Dear Violet, Jagbir, and All,

This is amazing news that you, Violet, were present when Shri Mataji Nirmala

Devi confirmed that She was the White Buffalo Calf Woman!

I'm so glad I asked you if you knew of any quotes confirming that She was the

White Buffalo Calf Woman, as I was about to present this topic online. I've

always been very intrigued and moved by this story and had an inner

understanding that Shri Mataji Nirmala Devi and the White Buffalo Calf Woman

were one, but I wanted confirmation - and now we've got it!

Warm regards,

Gerlinde.

 

 

WHITE BUFFALO CALF WOMAN

Brings The First Pipe

As told by: John Fire Lame Deer, in 1967

 

 

" The Sioux are a warrior tribe, and one of their proverbs

says, " Woman shall not walk before man. " Yet White Buffalo Woman is

the dominant figure of their most important legend. The medicine man

Crow Dog explains, " This holy woman brought the sacred buffalo calf

pipe to the Sioux. There could be no Indians without it. Before she

came, people didn't know how to live. They knew nothing.

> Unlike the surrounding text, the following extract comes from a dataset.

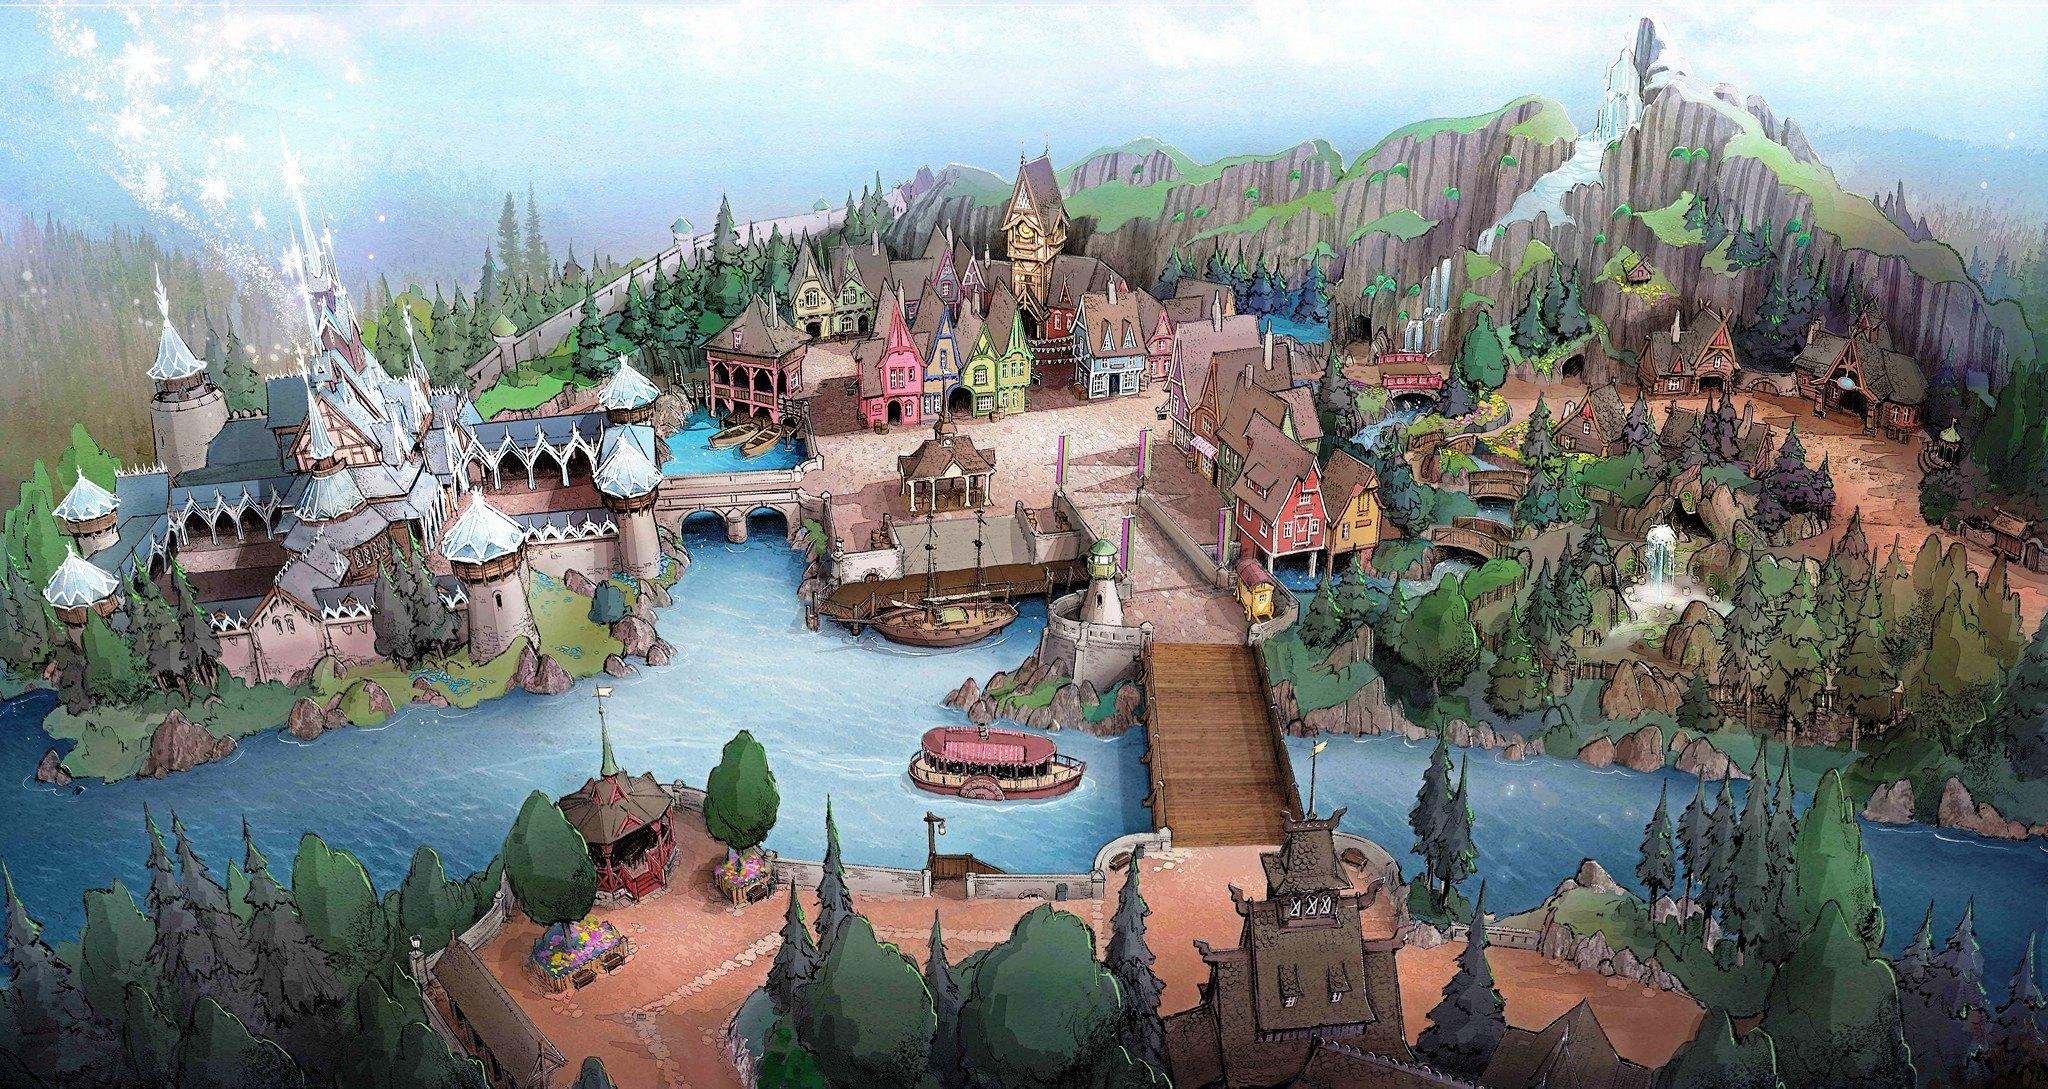 ecb6f7ab9 Arendelle: World of Frozen | Disney Wiki | FANDOM powered by Wikia

The Buffalo

Woman put her sacred mind into their minds. " At the ritual of the

sun dance one woman, usually a mature and universally respected

member of the tribe, is given the honor of representing Buffalo

Woman.

Though she first appeared to the Sioux in human form, White Buffalo

Woman was also a buffalo - the Indians' brother, who gave its flesh

so that the people might live. Albino buffalo were sacred to all

Plains tribes: a white buffalo hide was a sacred talisman, a

possession beyond price.

 

One summer so long ago that nobody knows how long, the Oceti-

Shakowin, the seven sacred council fires of the Lakota Oyate, the

nation, came together and camped. The sun shone all the time, but

there was no game and the people were starving. Every day they sent

scouts to look for game, but the scouts found nothing.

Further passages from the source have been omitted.